**Required work**
Show each line of the entries below in which the word "Black" appears.

Dataset entries:
/---
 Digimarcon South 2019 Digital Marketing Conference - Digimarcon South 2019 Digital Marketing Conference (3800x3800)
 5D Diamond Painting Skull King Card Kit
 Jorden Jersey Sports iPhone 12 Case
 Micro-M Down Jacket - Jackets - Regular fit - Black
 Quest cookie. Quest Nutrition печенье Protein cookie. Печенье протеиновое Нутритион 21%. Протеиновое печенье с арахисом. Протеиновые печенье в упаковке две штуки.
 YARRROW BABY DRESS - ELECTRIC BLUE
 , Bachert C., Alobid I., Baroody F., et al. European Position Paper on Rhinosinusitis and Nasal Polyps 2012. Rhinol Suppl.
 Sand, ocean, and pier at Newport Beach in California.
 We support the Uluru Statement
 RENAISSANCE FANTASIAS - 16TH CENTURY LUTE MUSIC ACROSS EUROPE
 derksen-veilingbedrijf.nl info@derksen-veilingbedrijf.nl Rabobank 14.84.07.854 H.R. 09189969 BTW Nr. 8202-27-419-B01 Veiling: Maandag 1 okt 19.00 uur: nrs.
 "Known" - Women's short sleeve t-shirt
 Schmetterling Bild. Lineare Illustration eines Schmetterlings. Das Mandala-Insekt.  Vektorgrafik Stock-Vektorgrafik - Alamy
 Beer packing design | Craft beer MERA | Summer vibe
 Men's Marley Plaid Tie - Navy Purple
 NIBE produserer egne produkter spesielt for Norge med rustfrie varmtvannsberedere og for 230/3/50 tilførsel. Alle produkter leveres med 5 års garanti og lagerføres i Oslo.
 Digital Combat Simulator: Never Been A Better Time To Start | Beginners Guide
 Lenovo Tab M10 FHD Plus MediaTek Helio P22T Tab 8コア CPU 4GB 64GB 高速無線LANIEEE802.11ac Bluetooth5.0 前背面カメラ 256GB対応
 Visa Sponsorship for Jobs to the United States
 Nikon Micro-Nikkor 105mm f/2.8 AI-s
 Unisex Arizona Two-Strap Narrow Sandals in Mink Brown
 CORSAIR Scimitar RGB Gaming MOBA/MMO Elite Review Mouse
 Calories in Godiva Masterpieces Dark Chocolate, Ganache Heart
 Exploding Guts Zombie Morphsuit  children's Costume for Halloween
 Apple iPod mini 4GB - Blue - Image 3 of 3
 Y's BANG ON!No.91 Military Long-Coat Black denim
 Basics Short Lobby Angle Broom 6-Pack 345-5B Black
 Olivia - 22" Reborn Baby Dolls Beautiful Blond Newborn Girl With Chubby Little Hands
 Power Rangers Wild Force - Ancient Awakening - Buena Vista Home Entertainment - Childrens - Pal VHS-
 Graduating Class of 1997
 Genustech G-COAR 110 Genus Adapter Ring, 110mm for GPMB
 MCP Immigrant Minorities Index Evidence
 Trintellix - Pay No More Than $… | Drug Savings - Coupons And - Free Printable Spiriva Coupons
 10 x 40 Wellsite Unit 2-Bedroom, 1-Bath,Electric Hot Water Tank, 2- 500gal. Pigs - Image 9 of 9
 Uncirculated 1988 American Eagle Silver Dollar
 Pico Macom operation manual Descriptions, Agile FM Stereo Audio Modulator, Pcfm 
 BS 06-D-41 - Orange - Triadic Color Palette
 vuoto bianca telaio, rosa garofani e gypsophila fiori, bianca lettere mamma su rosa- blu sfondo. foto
\---
**Expected answer**
 Micro-M Down Jacket - Jackets - Regular fit - Black
 Y's BANG ON!No.91 Military Long-Coat Black denim
 Basics Short Lobby Angle Broom 6-Pack 345-5B Black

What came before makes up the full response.